Armed with the gravity metaphor we can now ask questions like, "How do we get an LLM to answer accurately?" A few ideas come immediately to mind.
- Only fill the space with texts (dots) that are true (i.e., retrain the model).
- Add in/identify some texts that we know are true and have them exert a greater pull (i.e., tune the model)
- Craft the start of your prompt such that it anchors and/or directs the dot's subsequent motion towards parts of space associated with trusted texts.
The idea of only using trusted texts in the original training runs into the limitation that you need a LOT of texts. That's because what LLMs are really "learning" is what sentences look like from a statistical standpoint. Of course, you can, and should, think carefully about how you source texts. See e.g., The Pile: An 800GB Dataset of Diverse Text for Language Modeling. And as with training/retraining, tuning a model can be computationally expensive. So the approach we used here was the option behind door number three.
The Tools Found Here
In case it wasn't clear, when you ask an LLM a question, all it is doing is suggesting the next set of words in a string of text. It seems like an answer, but it's just an exercise in adding new words (drifting towards the pull of known texts).
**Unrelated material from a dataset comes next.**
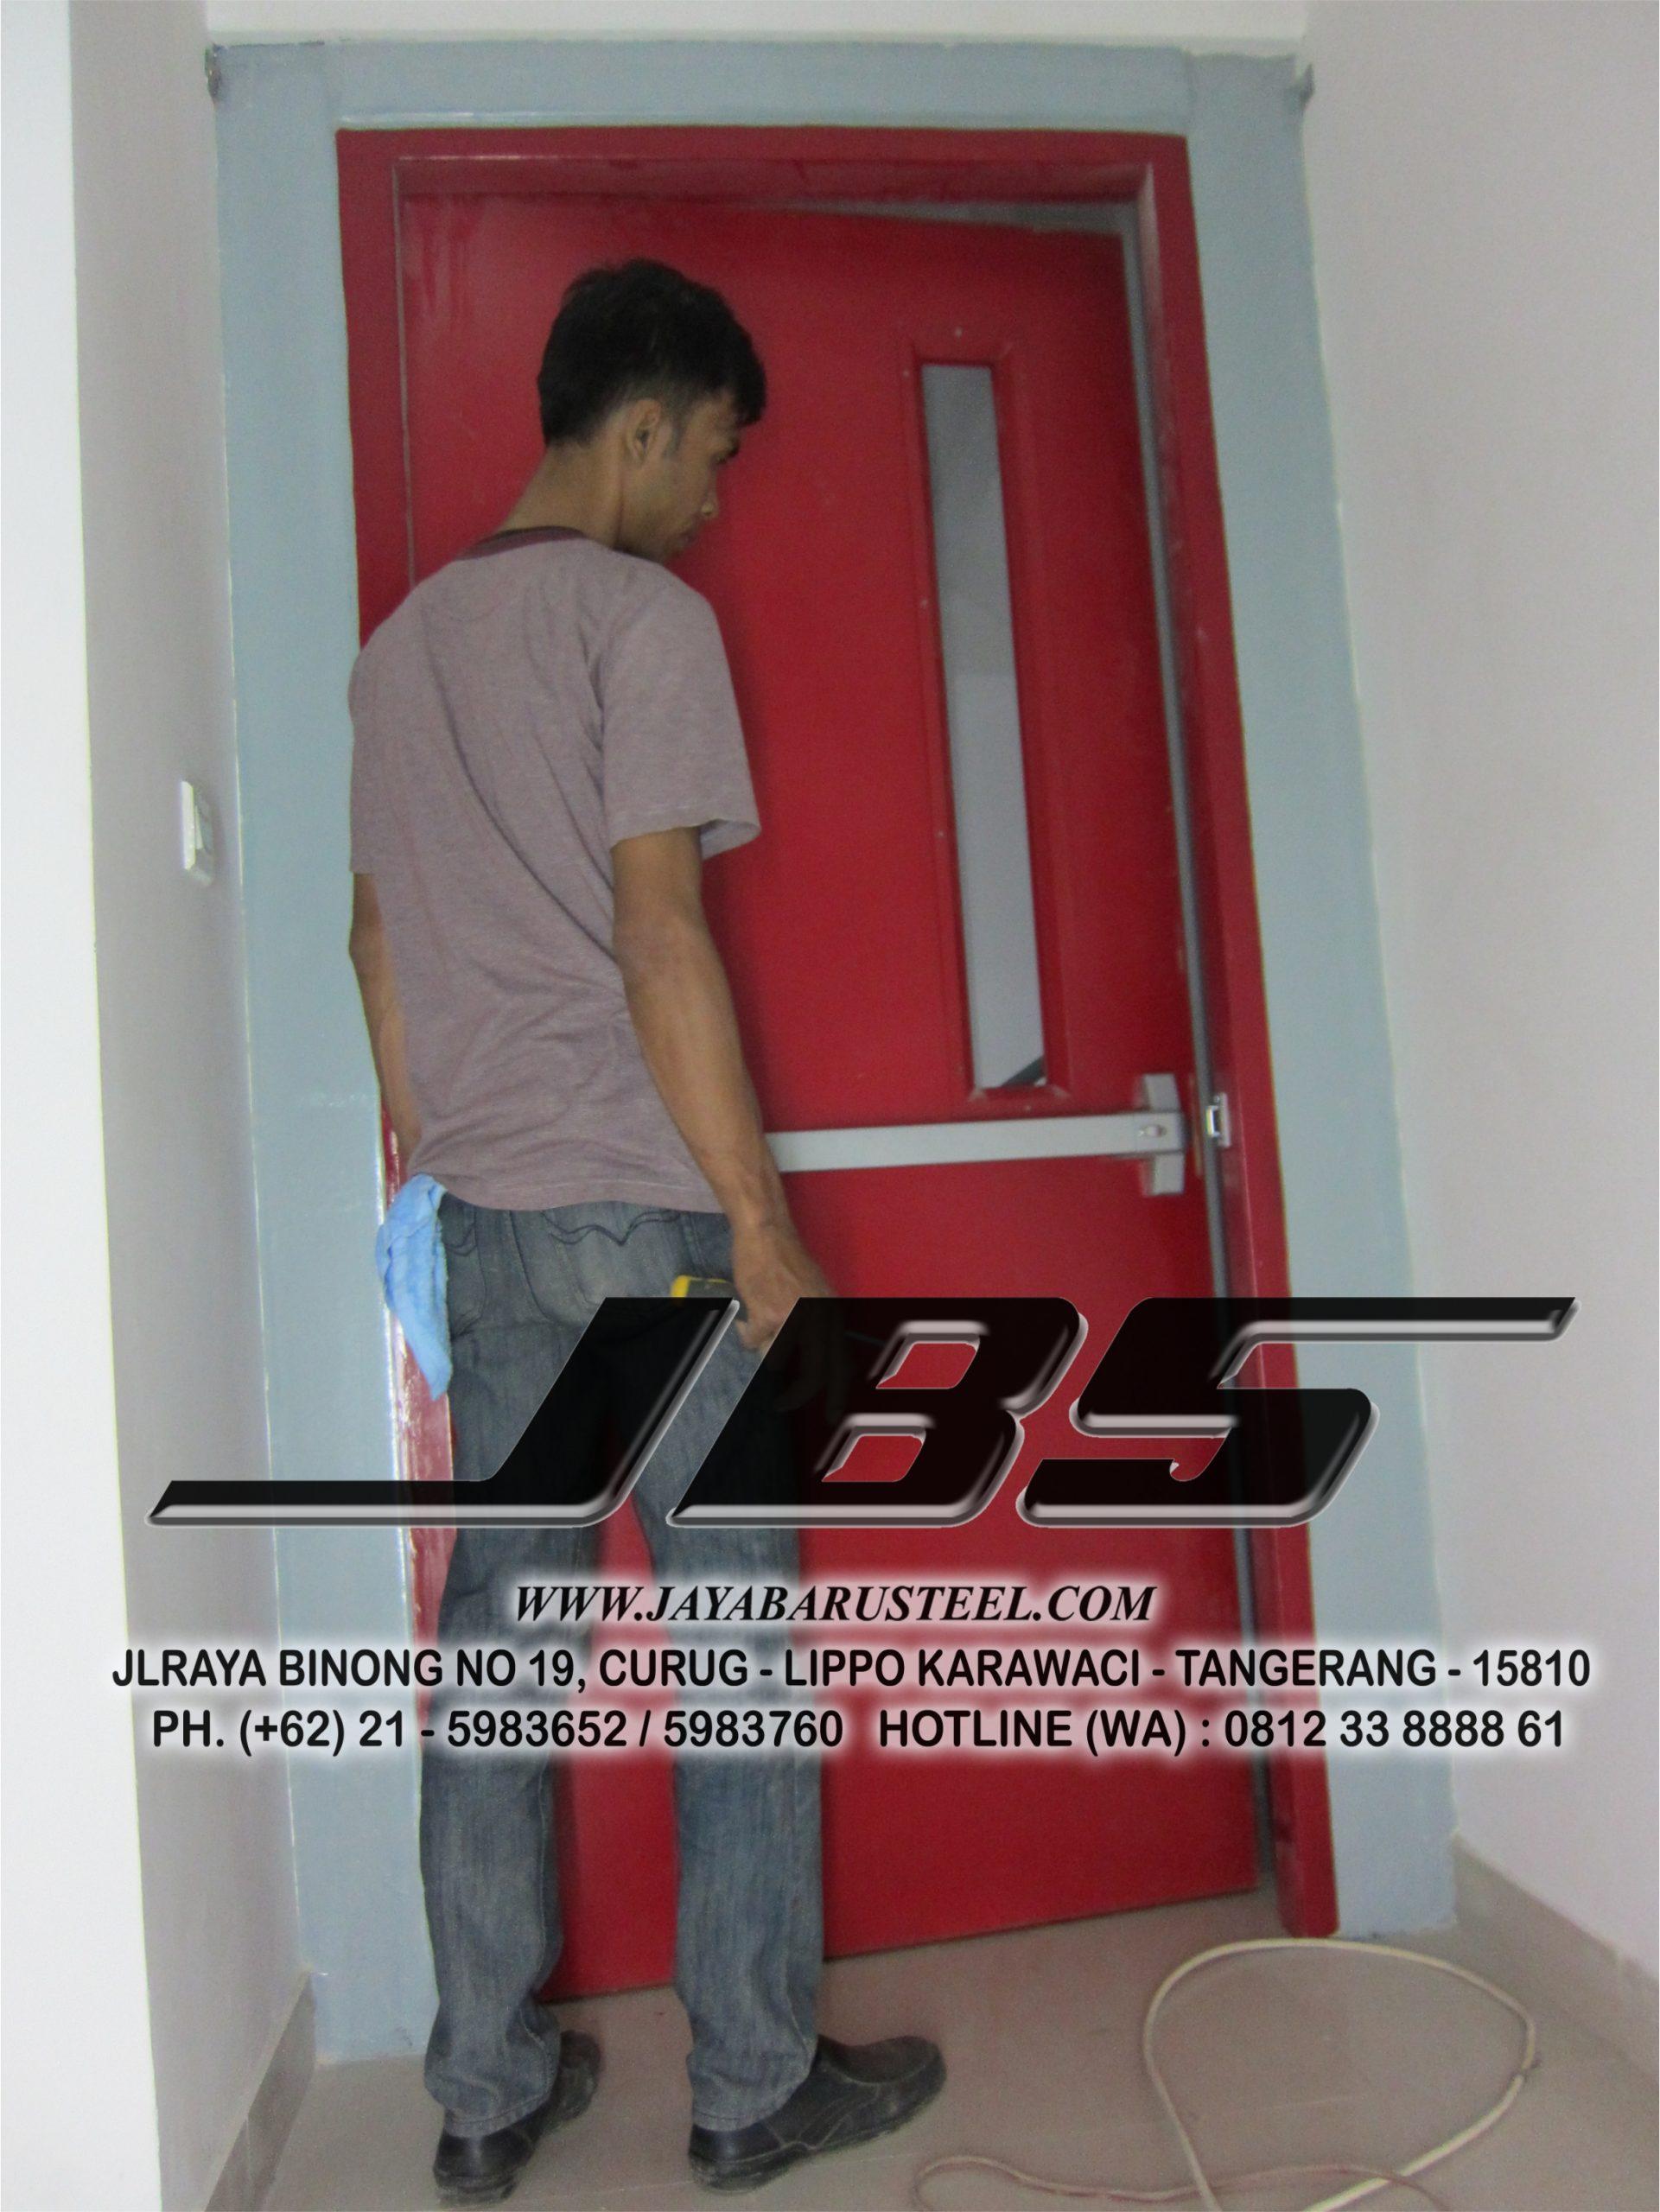 Pintu Garasi Solo, HOTLINE 081-233-8888-61

Because LLMs care about the whole (or most) of the string, you can anchor them in particular places.
Consider: Instead of having an LLM add to the sentence "What is the best sports town in the US?" what if you provided the prompt "Boston is the home of Red Sox Nation, the best sports city in the US. What is the best sports town in the US?" As you might guess, if you seed the prompt with the "right" answer, you drastically up the chance of it answering correctly. So how do we seed the answer to a question? Presumably, we're asking the question because we don't know the answer. Well...
Ask a question of your library
What if you use the original query (e.g., "What is...?") to perform a traditional search then use the results of that search to seed the prompt to an LLM. You then ask it not to answer if the answer isn't in the seed, and you show citations to the texts returned by the original search. This is what we do with the Ask tool.
Suggest text supported by your library
There's no reason we have to limit this approach to questioning texts. We could just as easily create an anchor for more traditional text completion. E.g., "Complete the following paragraph using only information found in 'the seed.'" This is what we do with the Suggest tool.
Find a proposition in your library
As for the Find tool, there we compare your proposition's embedding to that of sentences in your library, returning the most similar. It also has a nifty auto-complete feature that previews individual sentences from your library while you type.
Guess what word(s) should come next
Tools like ChatGPT obsucre the true nature of Large Language Models. At their core they aim to predict the next word (or words) in a string of text. The Guess tool grants access to a raw LLM absent the artiface.
The problem of BS, however, is not the only issue faced by such models. When they allow end-users to provide their own prompts, they are subject to prompt injection, the careful crafting of inputs to override a tool's original instructions. What could go wrong? Oh no . . . you're going to try this aren't you?
Anywho, we hope you find using the tool informative, and if you're an instructor, we look forward to hearing how you use it in your classes. Secretly, I'd love if folks could use this as a Trojan Horse to sneak in proper research methods (e.g., you can use these AI tools if you're the one who builds the research library). Also, thank you to Simon Willison for planting the seeded promt idea.